▶ **Work order**
Reproduce all the lines below exactly and omit the images.

▶ **Collected data**
........
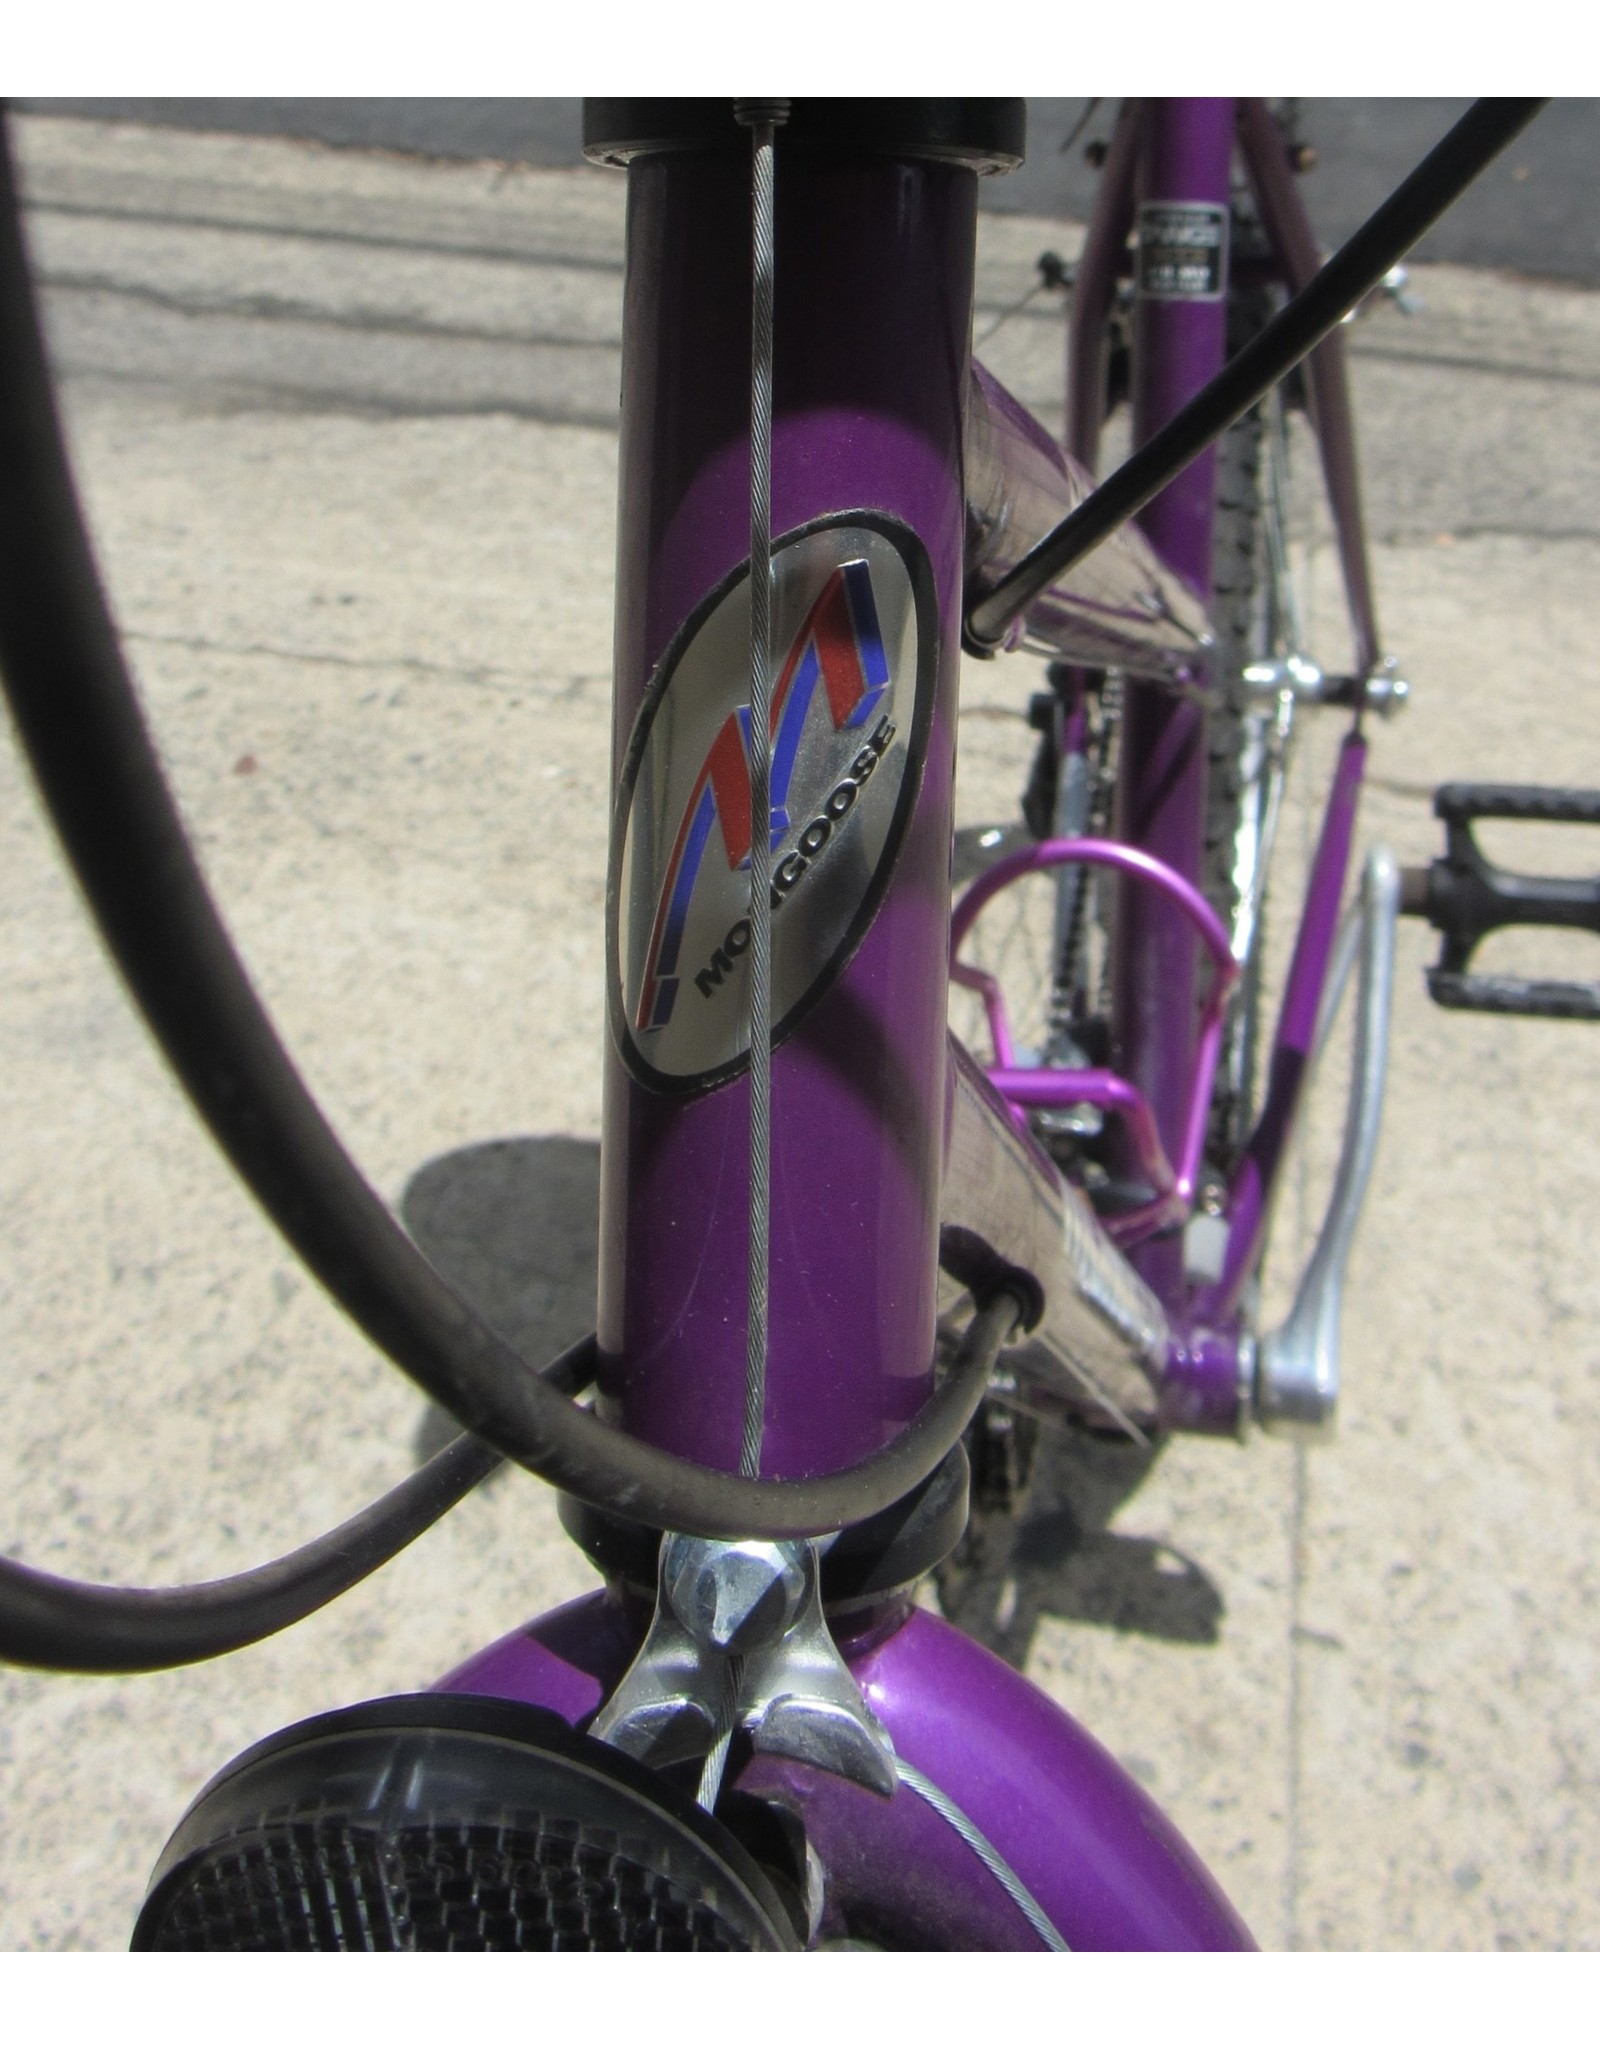 Mongoose Mongoose Switchback, Vintage 19 inch, Purple
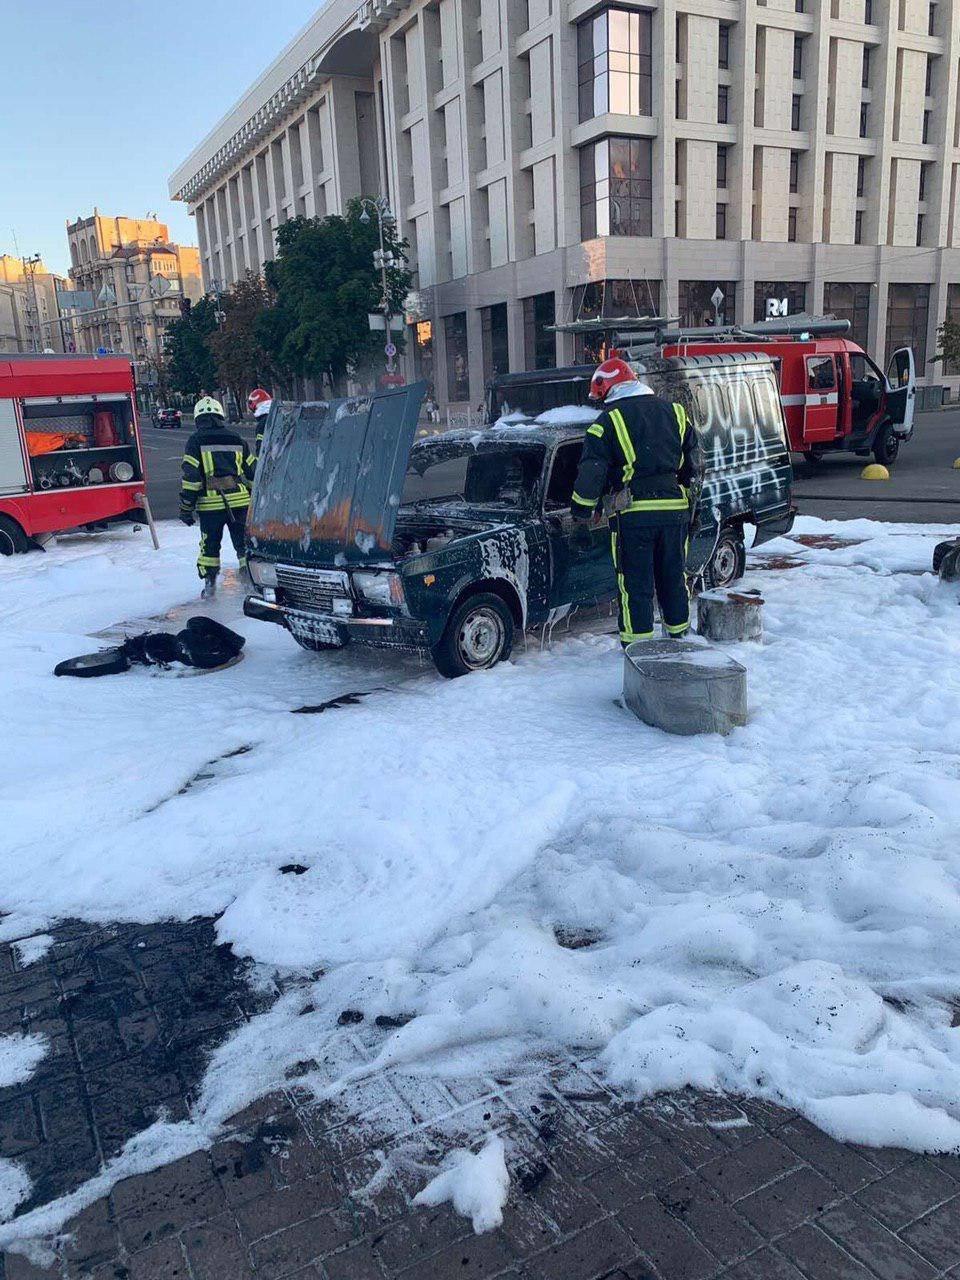 В центре Киева мужчина поджог автомобиль, - ВИДЕО, фото-3
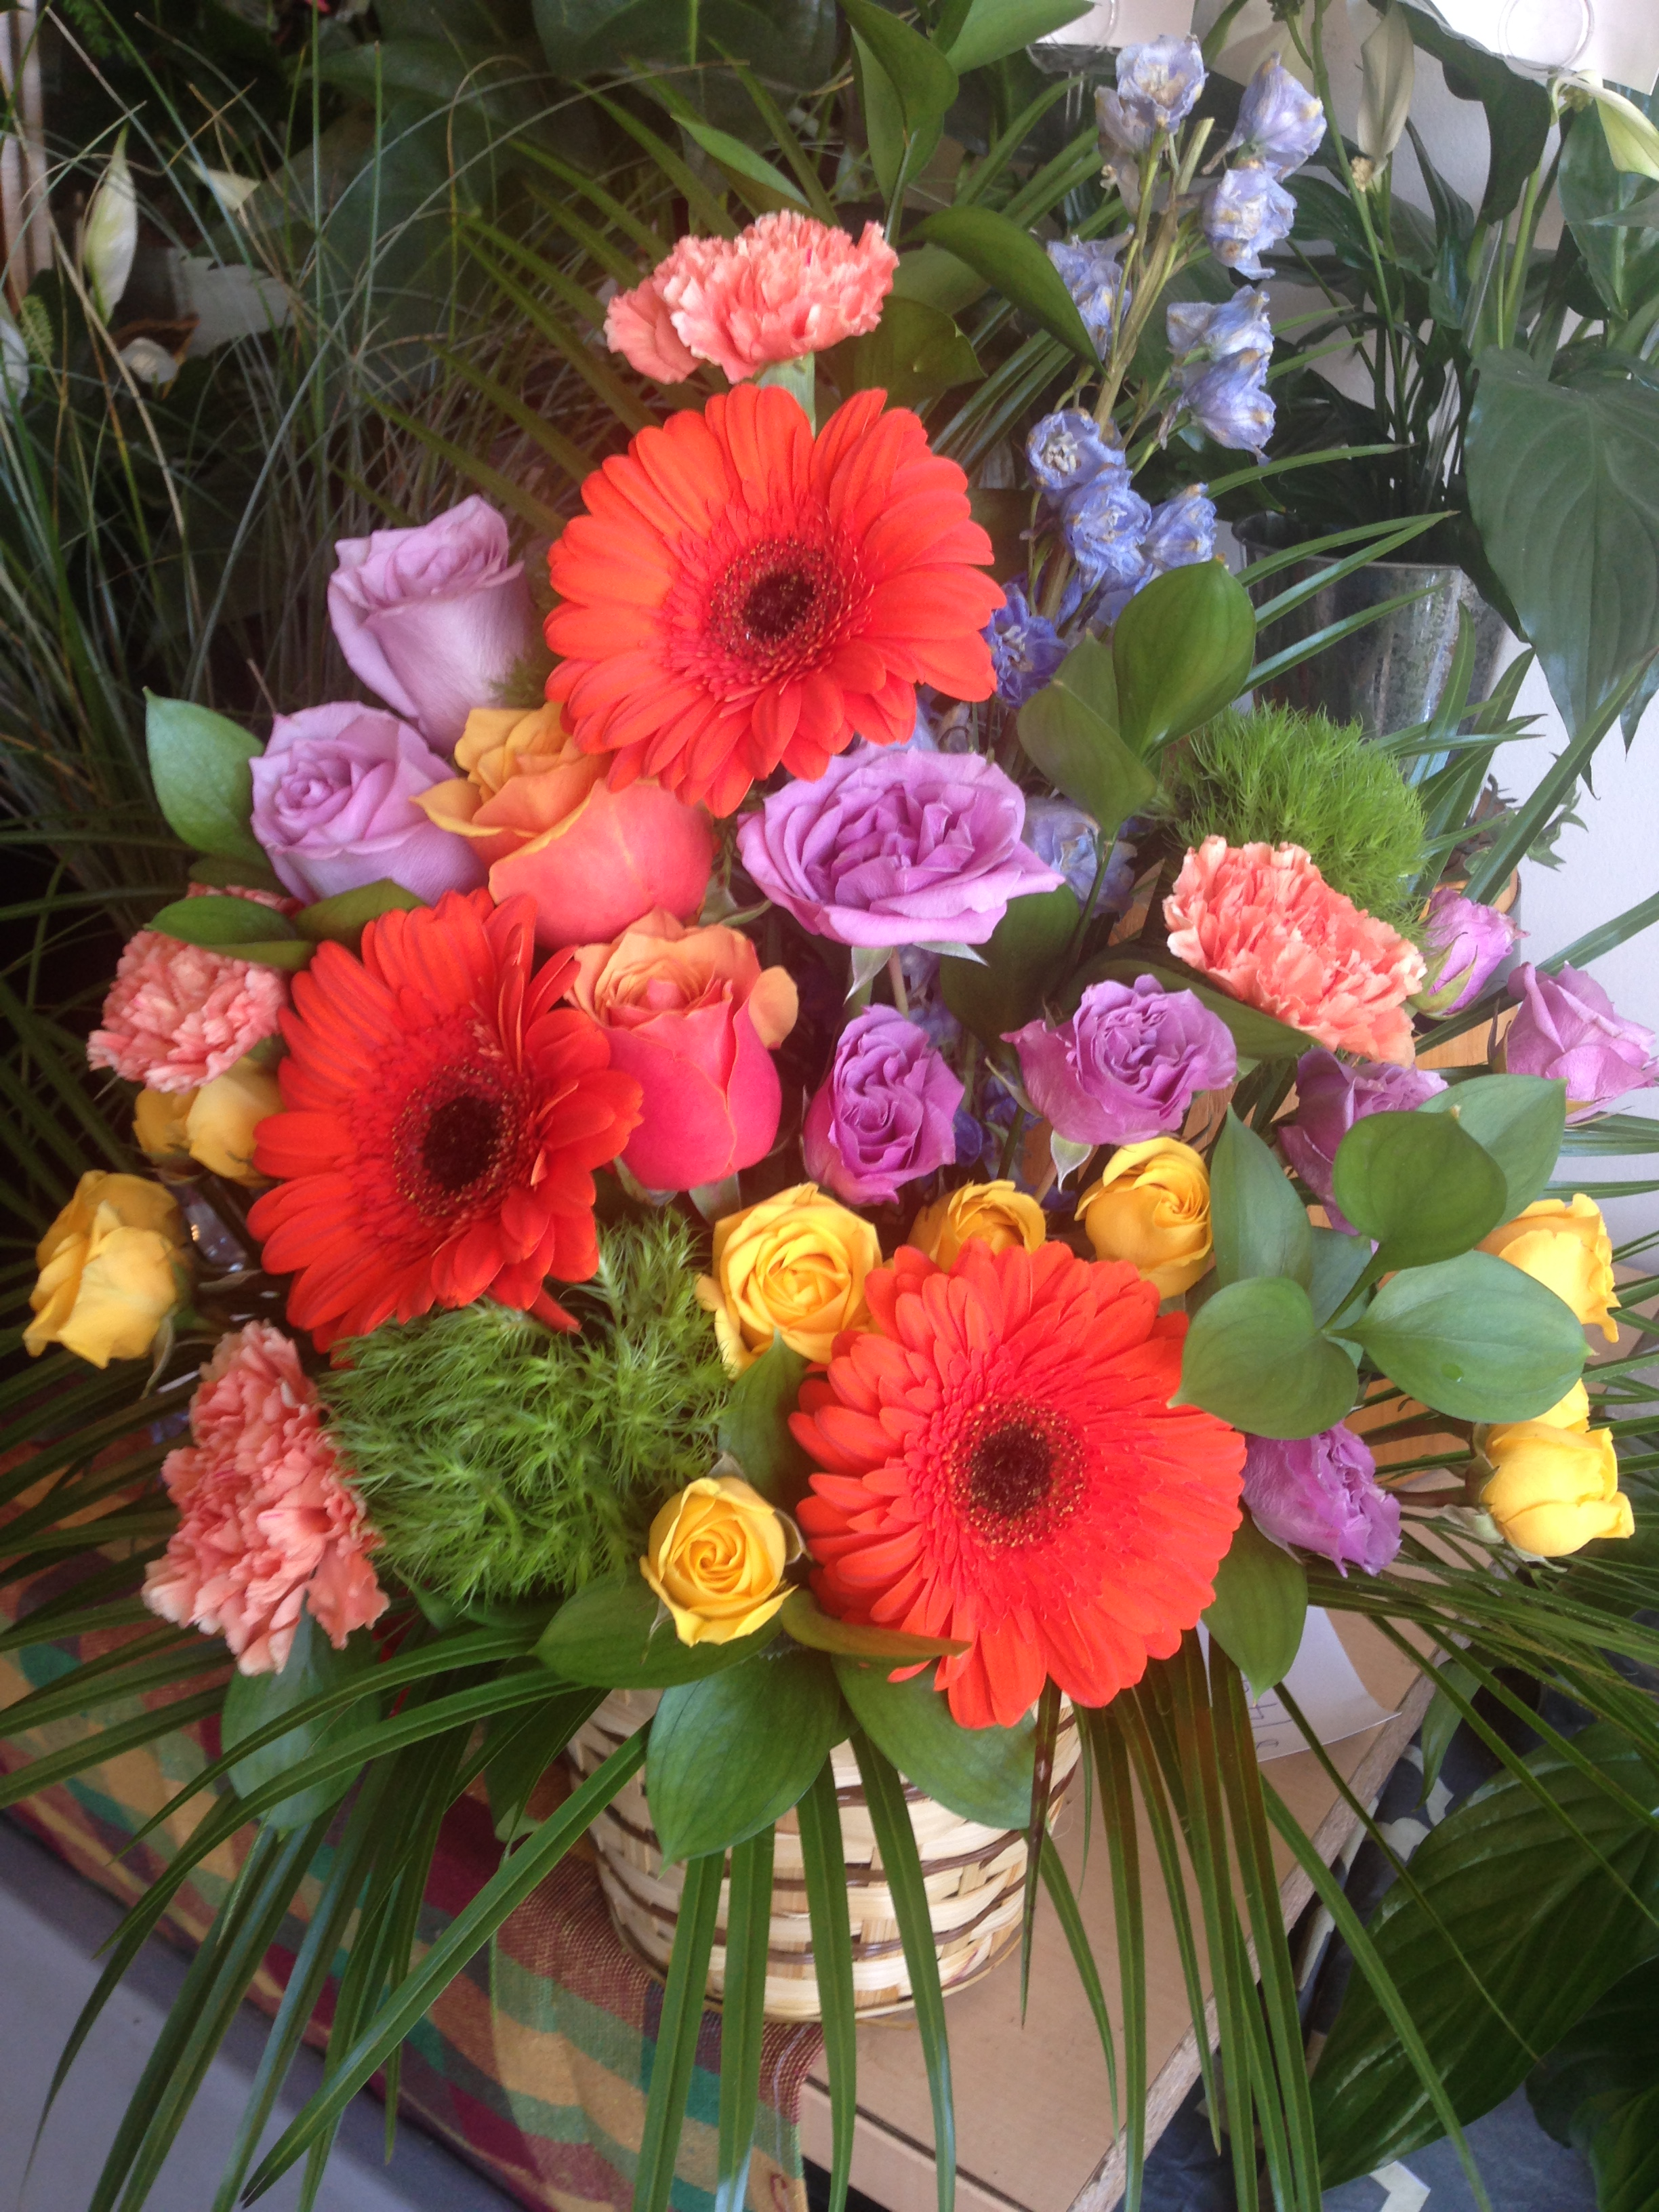 flowers_and_peggys_pics_001_emdrfo.jpg
........
▶ **Output below**
 Mongoose Mongoose Switchback, Vintage 19 inch, Purple
 В центре Киева мужчина поджог автомобиль, - ВИДЕО, фото-3
 flowers_and_peggys_pics_001_emdrfo.jpg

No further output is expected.